Originally Posted by Topgun 30-06
***That speaks a lot for you Sir! Nobody claimed it was a turkey shoot, but when you have a "hunt" where you're paying by the inches of antler that's exactly why it's not considered "fair chase" or allowed in the B&C or P&Y books. Those animals, just as was mentioned in another post, were probably genetically engineered, or at least were conditioned and raised eating supplemental feed out of a trough just like the ones up at the Sanctuary in mid Michigan. Yea, that one is over 1000 acres too, but I met a gal who shot a 160"+ buck there and it came in to a feeder twice and she shot it from a tower blind after she made noise with the gun the first go around and her "guide" told her not to worry and that the buck would be back. He was back in a couple minutes and bango, end of Bucky!!! SCI, on the other hand, would take that buck into their book because they don't give a tinkers damn if the animal was tied to a tree and you walk up and stab it to death to get in their "Book", as long as you have some front money to pay them for that priviledge! Each to his own, but please don't call it "hunting"!!!
I appreciate you noticing that my post says volumes about myself. I could not agree more!
It says I love to put food on my dinner table for my family to enjoy and appreciate that I did not buy it at the local supermarket.

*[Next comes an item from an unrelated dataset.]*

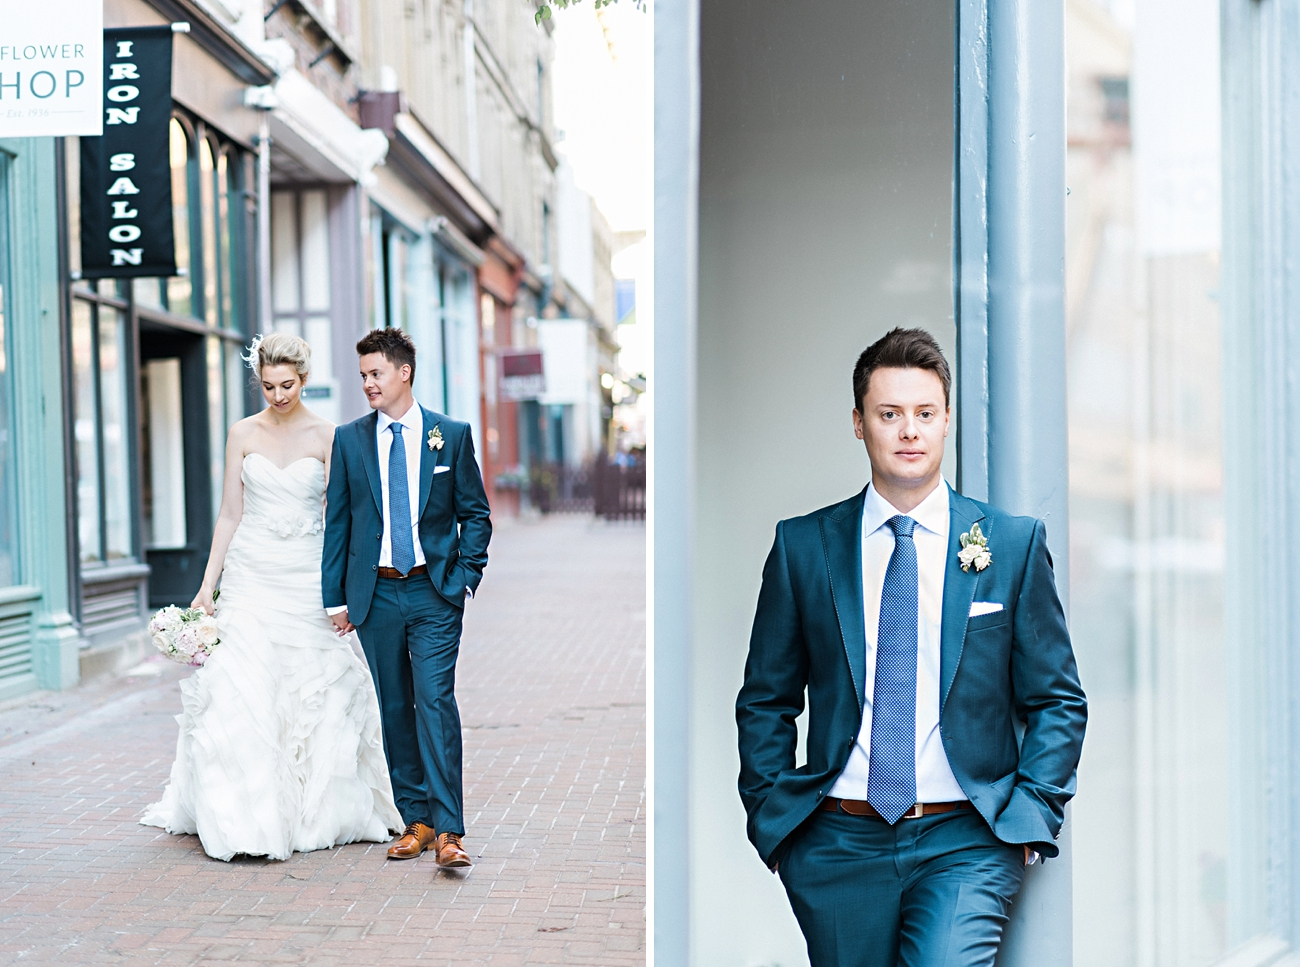 Sara-Seans-Halifax-Prince-George-Hotel-Wedding049.jpg

It also says I read the entire thread and comprehend what was written, including post #6 where the OP stated "BUT since there are no fences, there are no guarantees...".
It also says I would take the opportunity to spend time with my family enjoying the outdoors and the chance to hunt for free where the chances of putting meat in my freezer is great. I would take any advantage I could get to do that.

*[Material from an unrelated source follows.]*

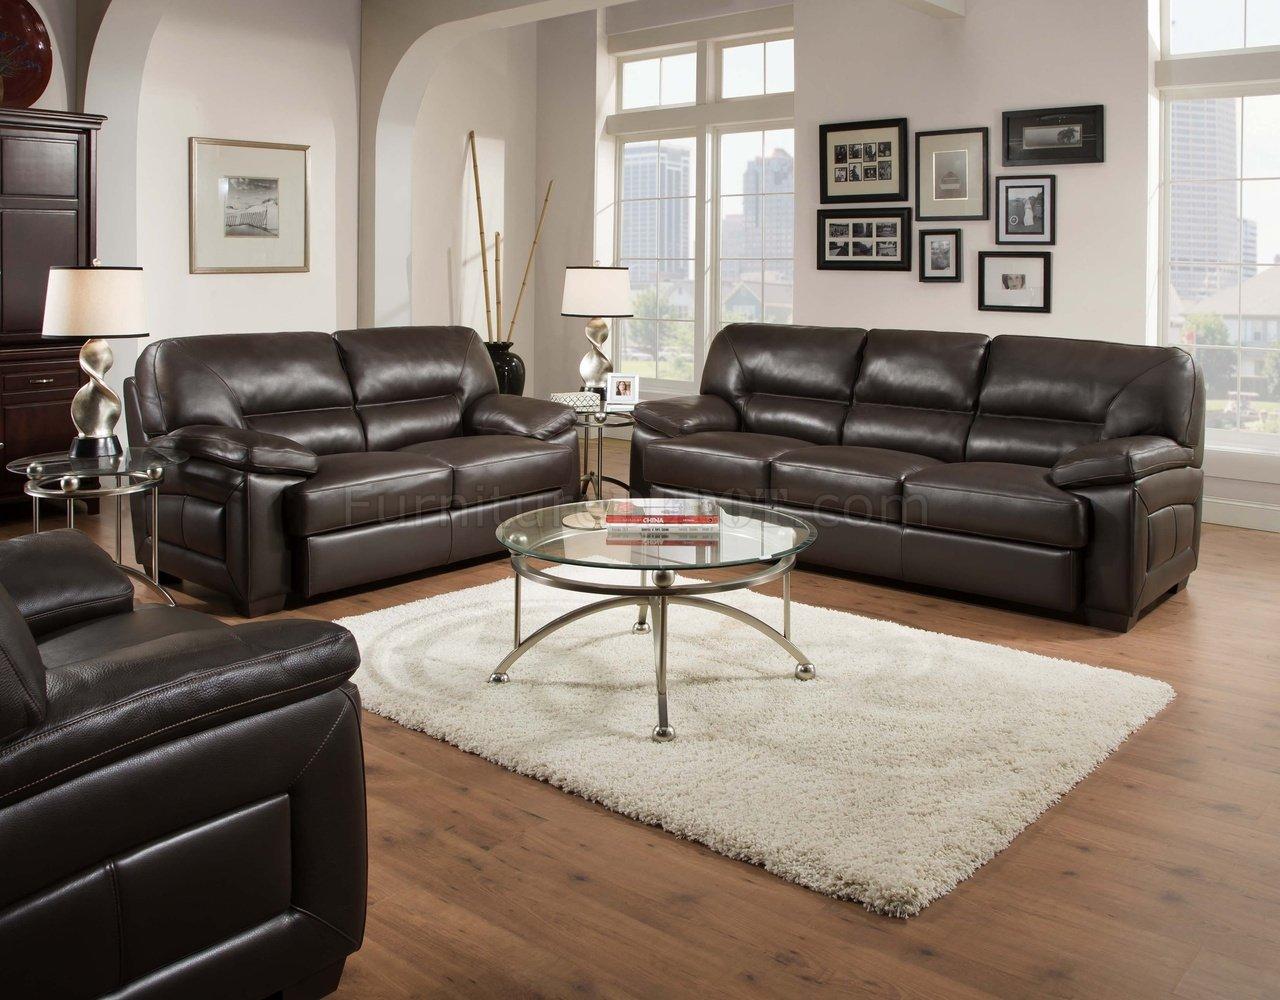 top grain leather sofa set plastic legs uk truffle brown modern and loveseat

Being that I would take advantages in helping put meat in my freezer, I would also:
Hunt elk in the rut where they practically yell "I'm over here!" all day long.
Hunt spring turkey and lure them to their death with calls.
Hunt over a field planted to attract game.
Hunt over a water tank where water is a natural draw.
Hunt varmints using electronic callers.
Hunt ducks over water.
Glass deer that bed and shoot them from 600+ yards across a canyon.
Hunt late season mule deer in the rut where they get plain stupid looking to do nothing other than breed.
Fish in a man-made lake using bait or lures (canned fishing trip?).
Hunt doves on the edges of fields between feeding and water sources or roosting areas.
Handload and build custom accurate rifles for long shots (isn't that what this site is about?).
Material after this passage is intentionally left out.